> Exercise description: Take the data below and write it out exactly, except for the pictures.

> Source data:
# # # # #
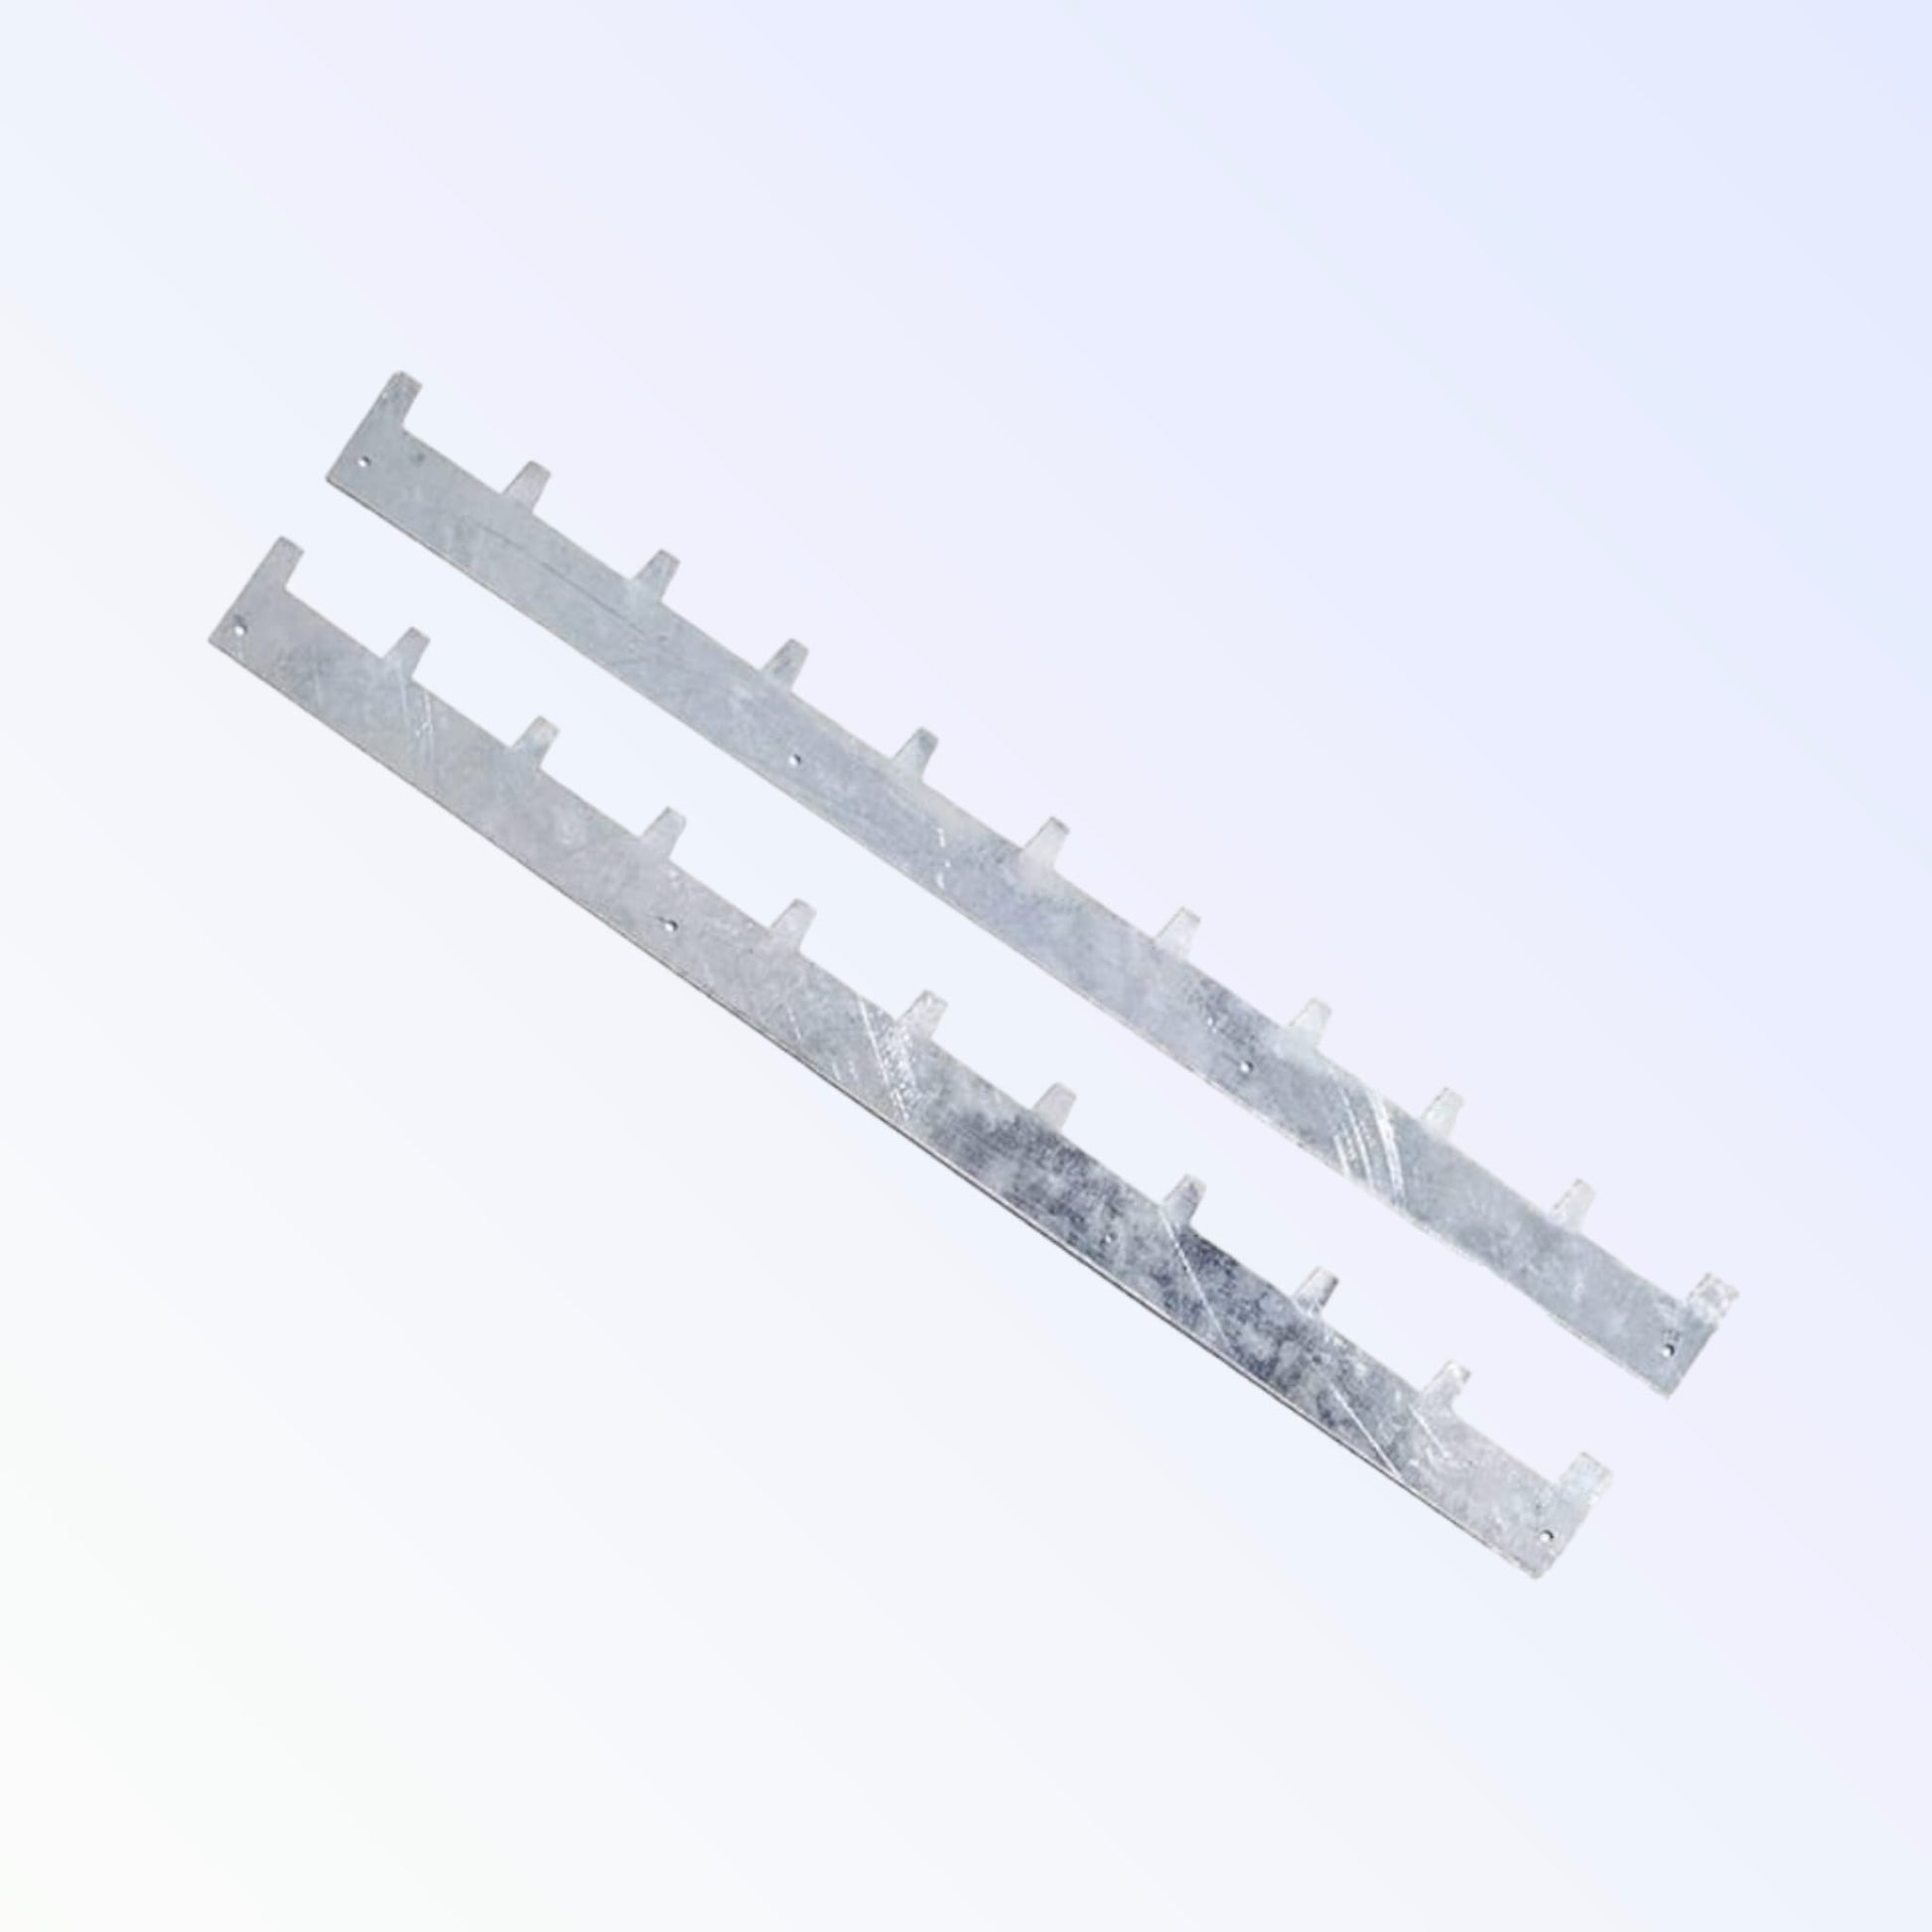 Castellated Spacers
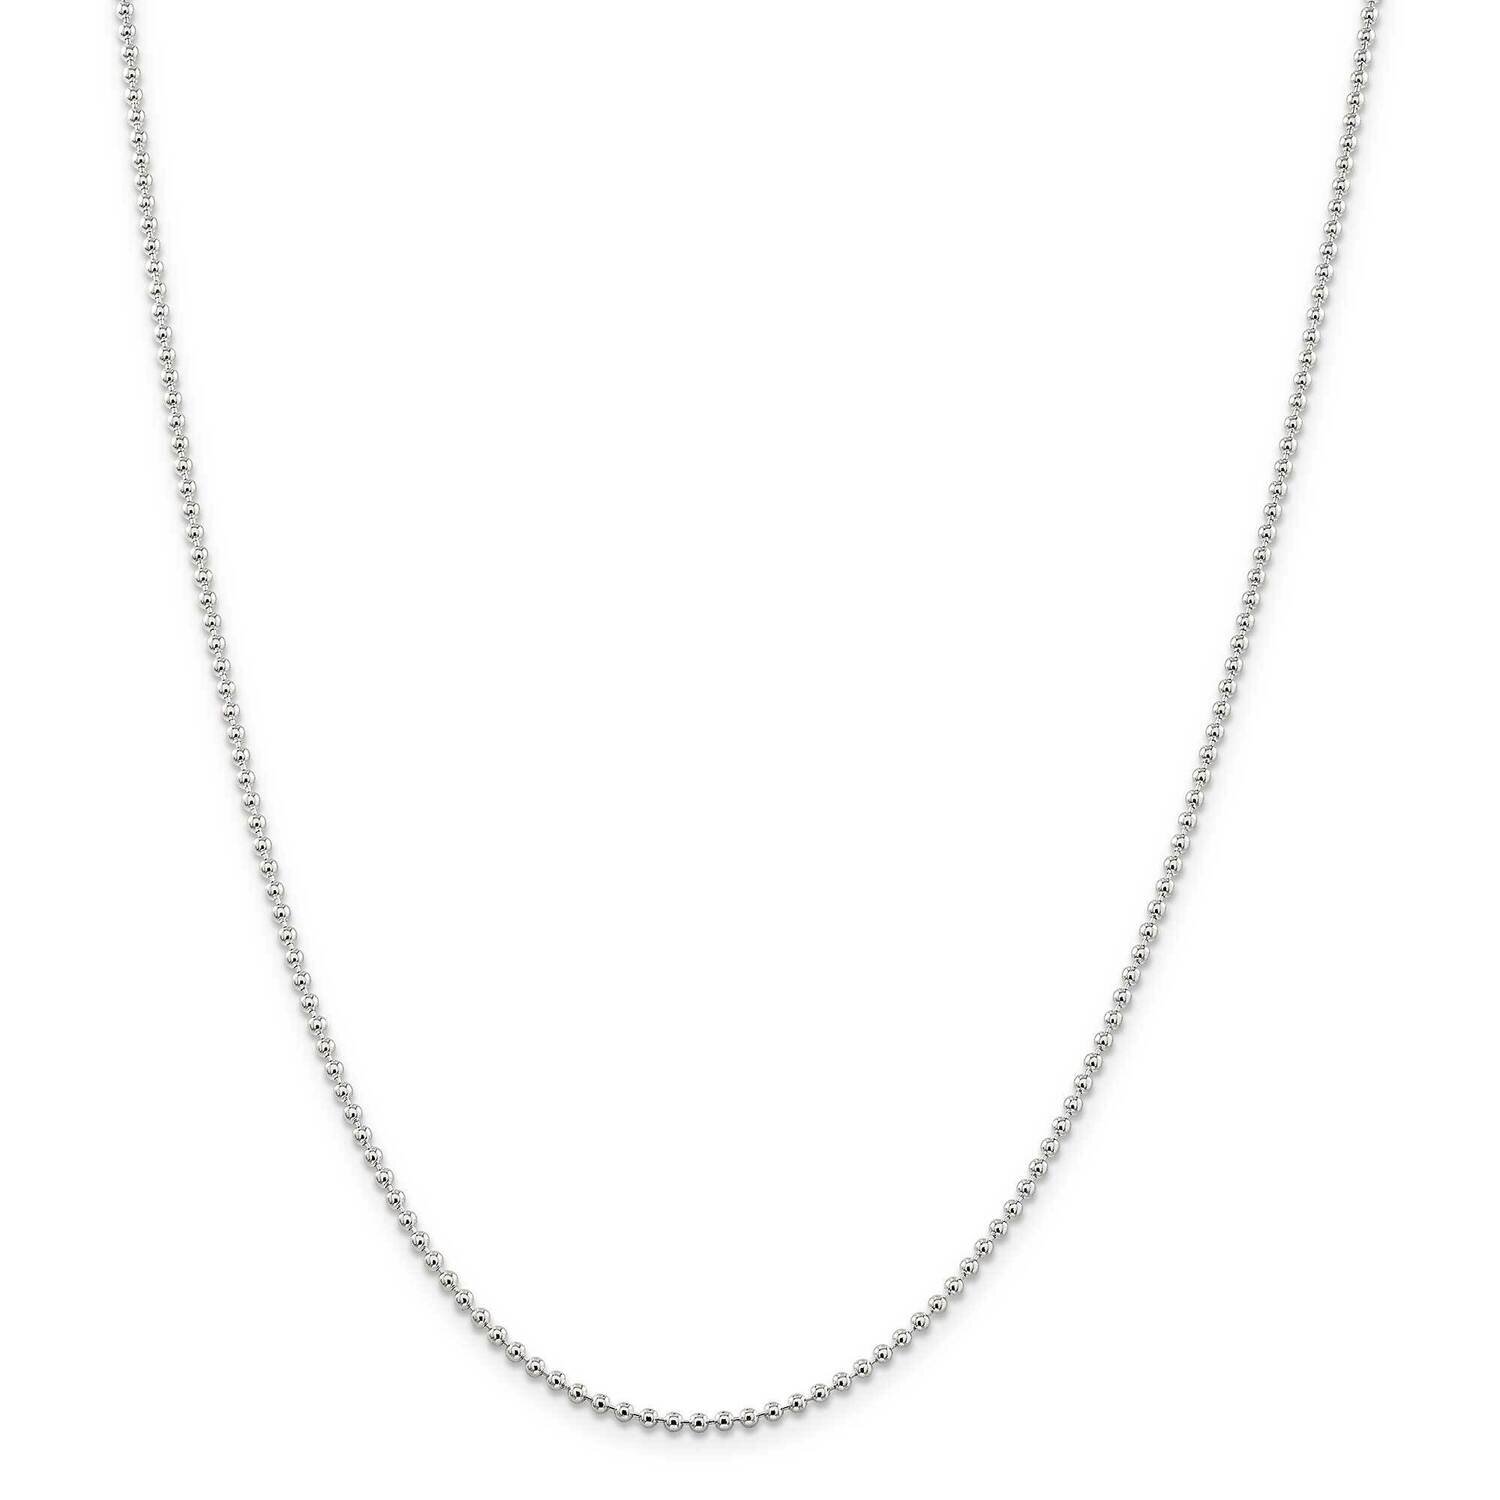 2mm Beaded Chain 30 Inch Sterling Silver QK27-30
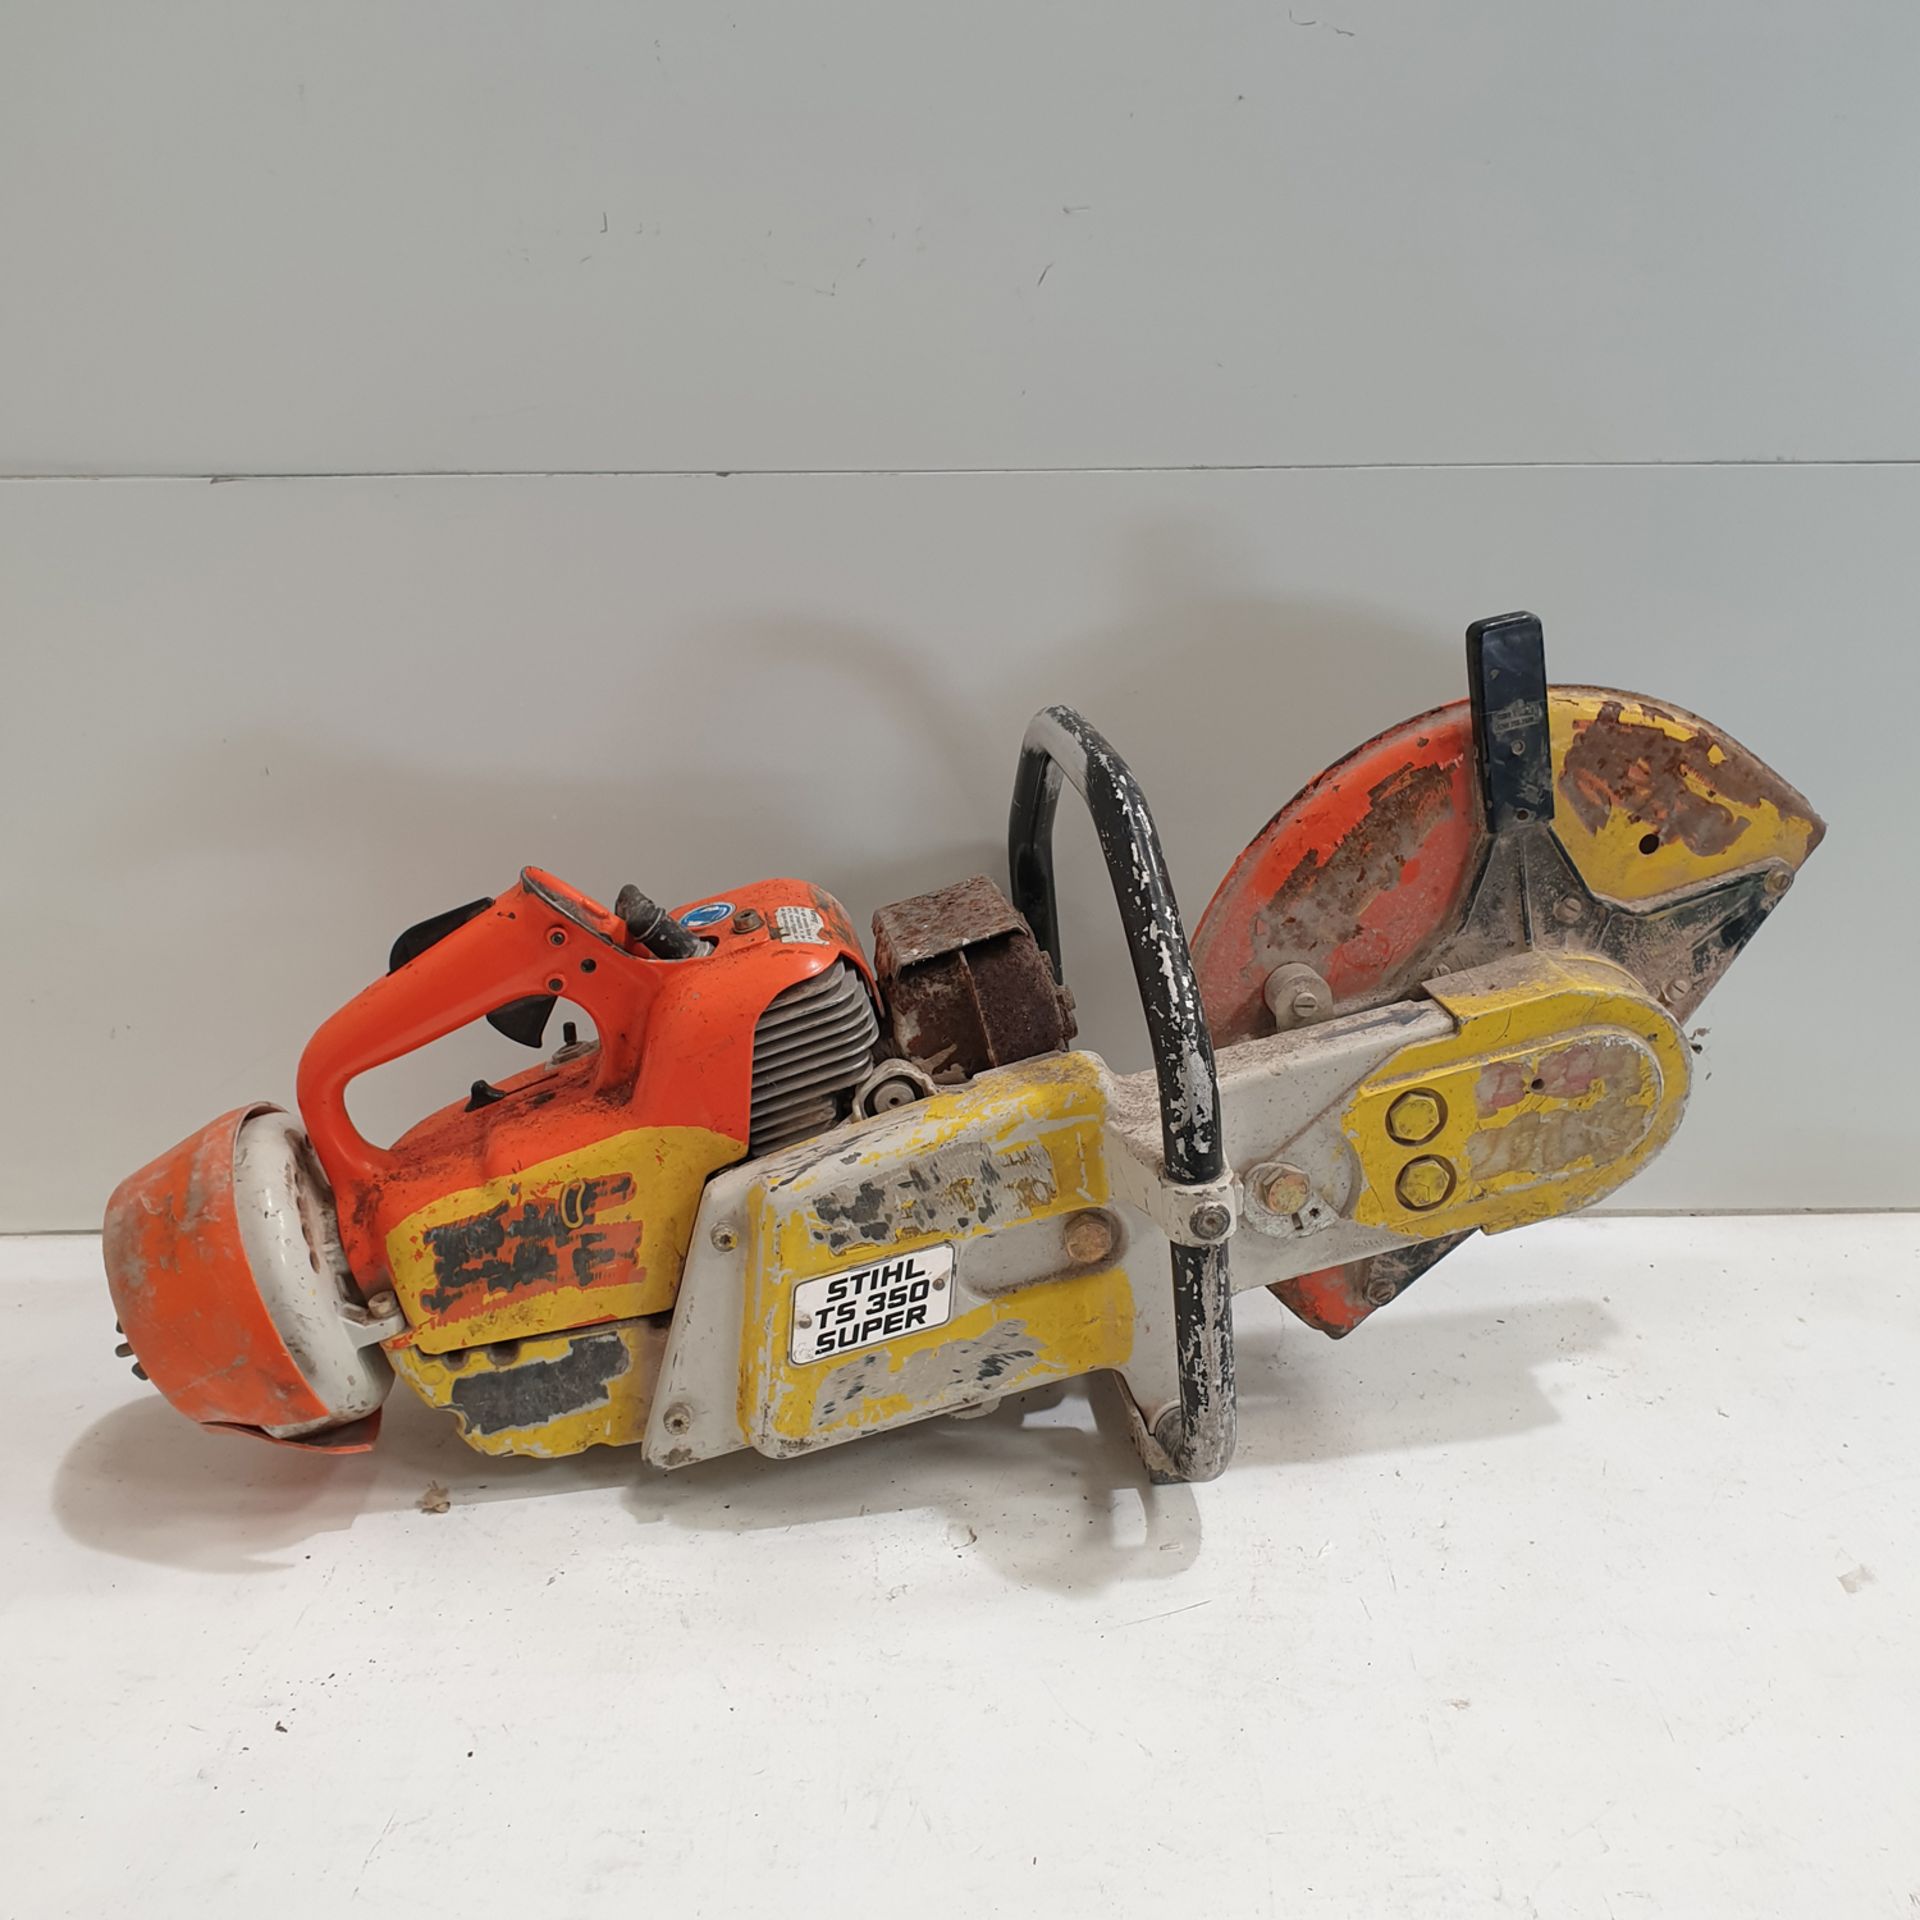 STIHL Saw Type TS 350 SUPER. Please Note This Item is for Spares or Repairs. - Image 3 of 3
# # # # #
> Solution to this task:
 Castellated Spacers
 2mm Beaded Chain 30 Inch Sterling Silver QK27-30
 STIHL Saw Type TS 350 SUPER. Please Note This Item is for Spares or Repairs. - Image 3 of 3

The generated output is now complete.